Instructions for the task: Skip the pictures. Output only the lines below starting at the line with "68201 - Belgien" and ending at the line with "Серо-синяя футболка-поло для", both ends included, exactly as they are.

Records supplied:

____________________

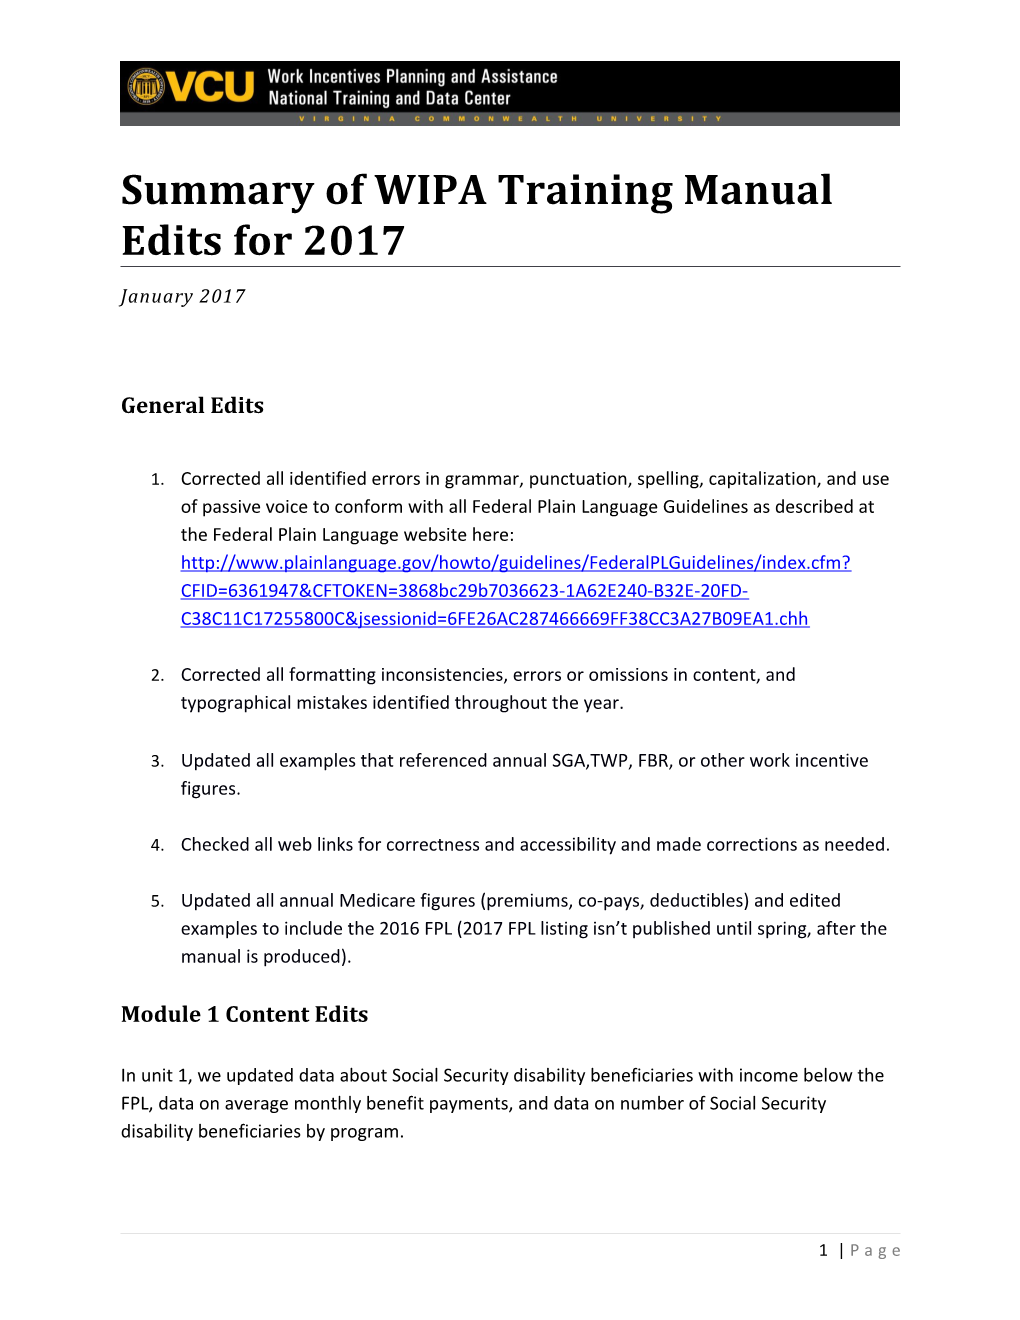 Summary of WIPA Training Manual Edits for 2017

____________________

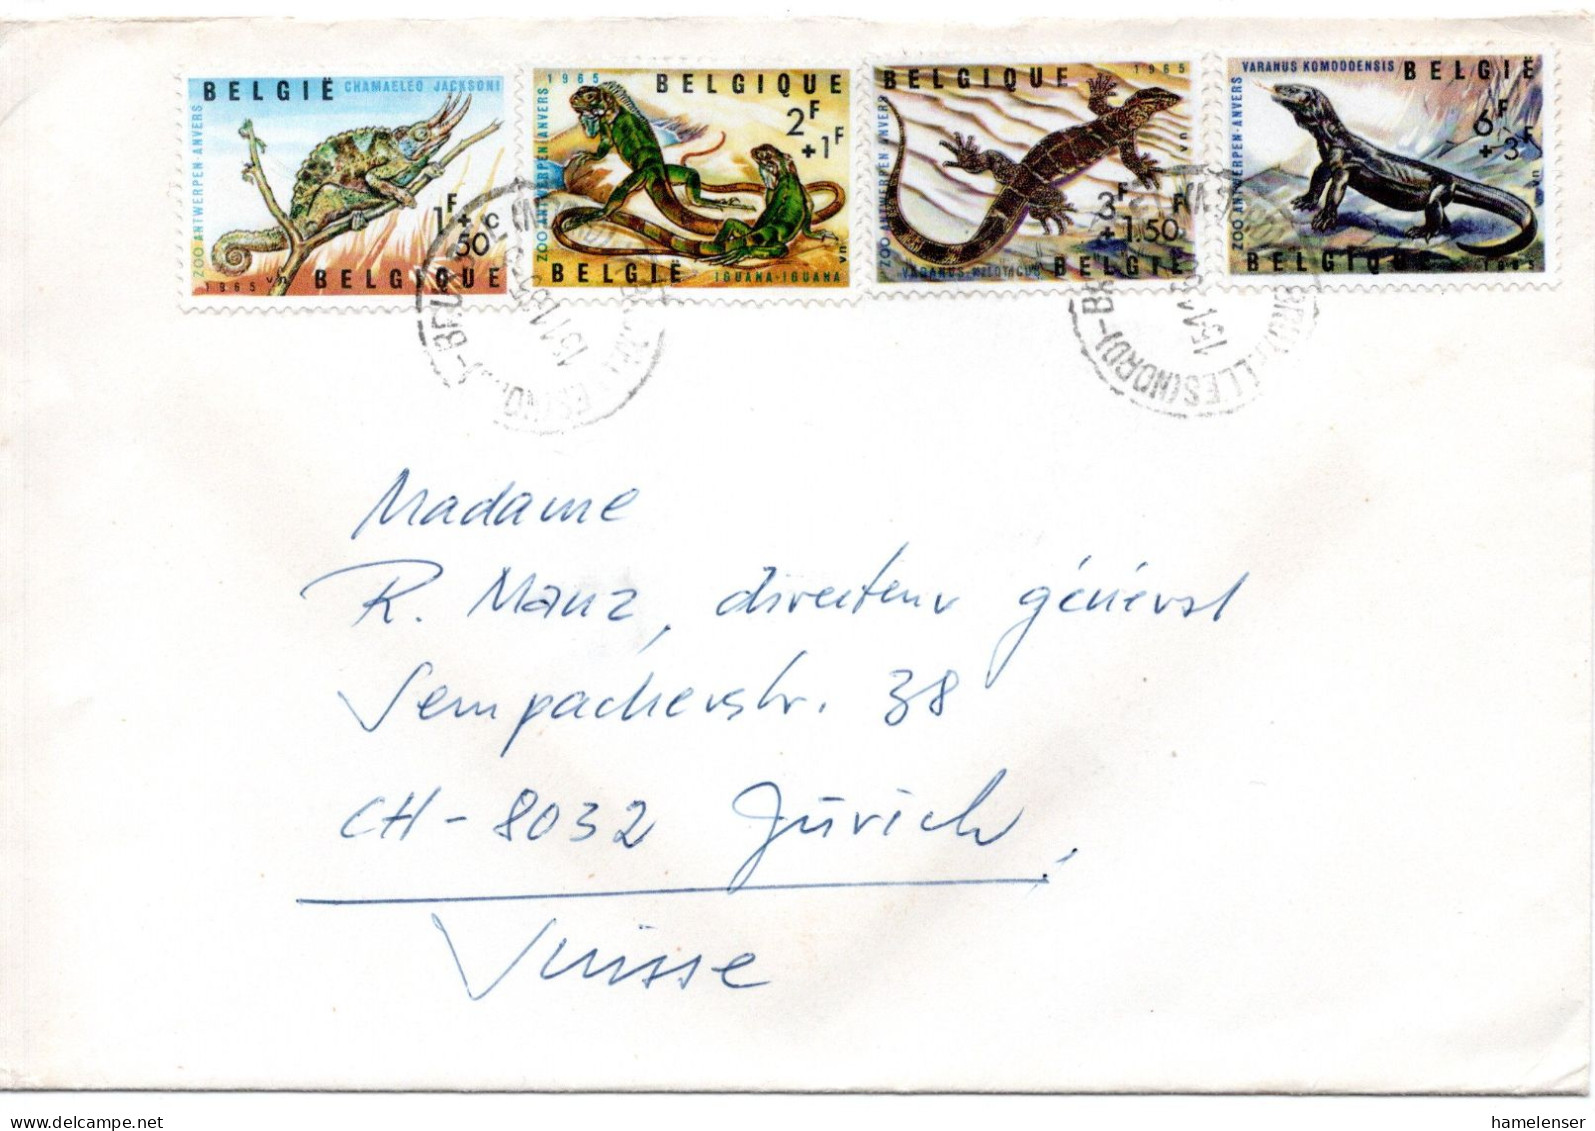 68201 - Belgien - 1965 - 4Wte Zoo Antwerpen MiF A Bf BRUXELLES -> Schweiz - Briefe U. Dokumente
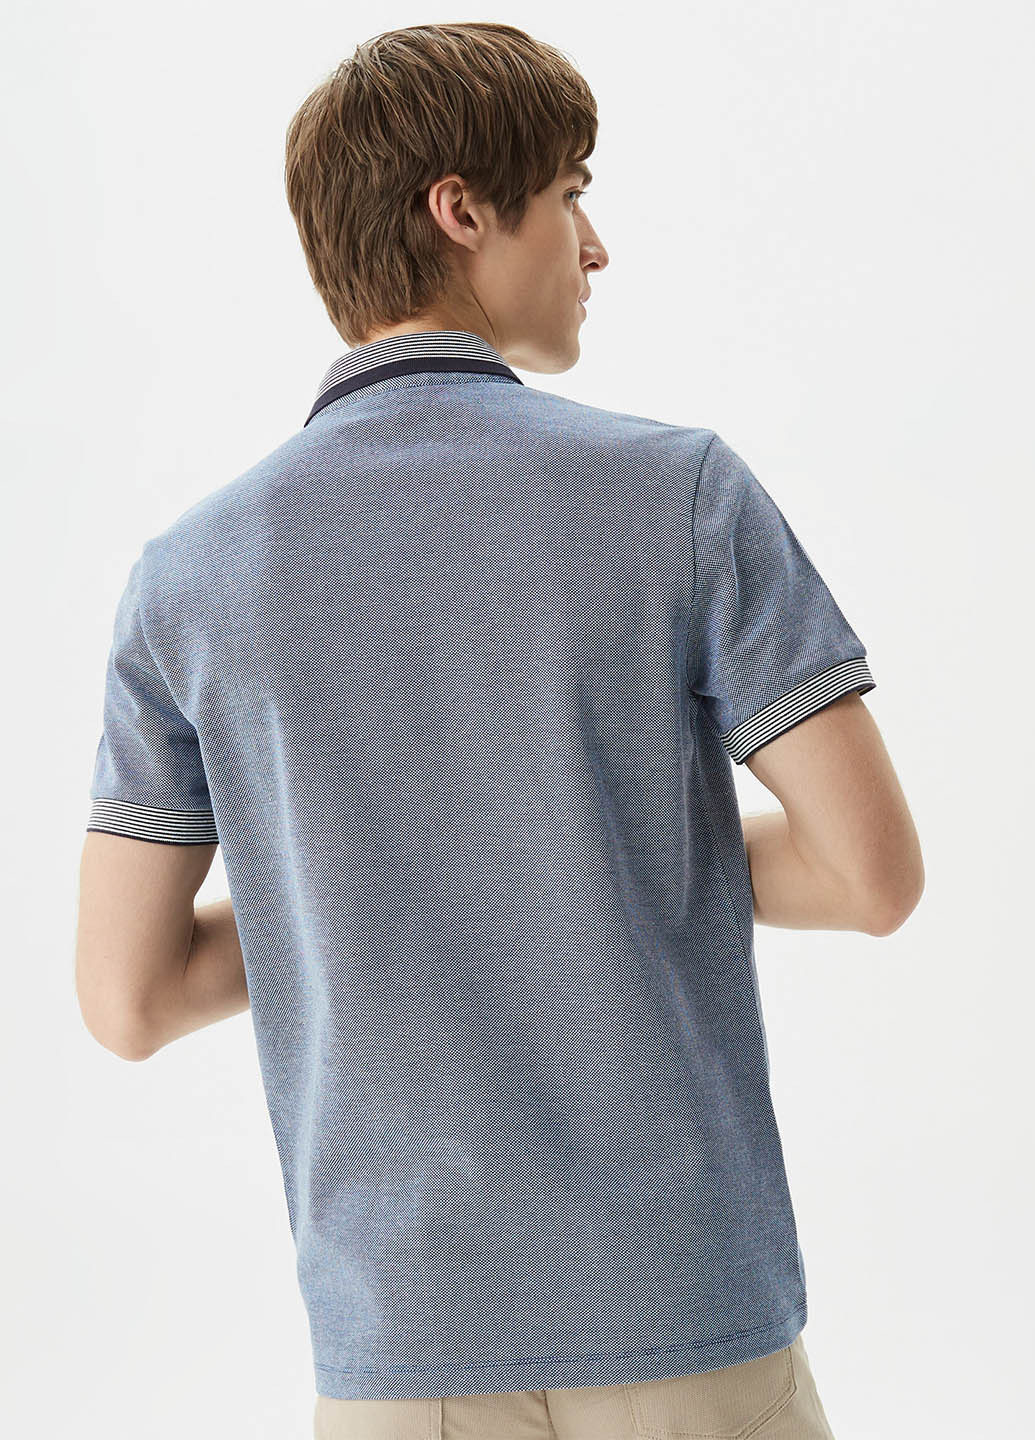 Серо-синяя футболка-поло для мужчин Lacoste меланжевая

____________________

Exercise result:
 68201 - Belgien - 1965 - 4Wte Zoo Antwerpen MiF A Bf BRUXELLES -> Schweiz - Briefe U. Dokumente
 Серо-синяя футболка-поло для мужчин Lacoste меланжевая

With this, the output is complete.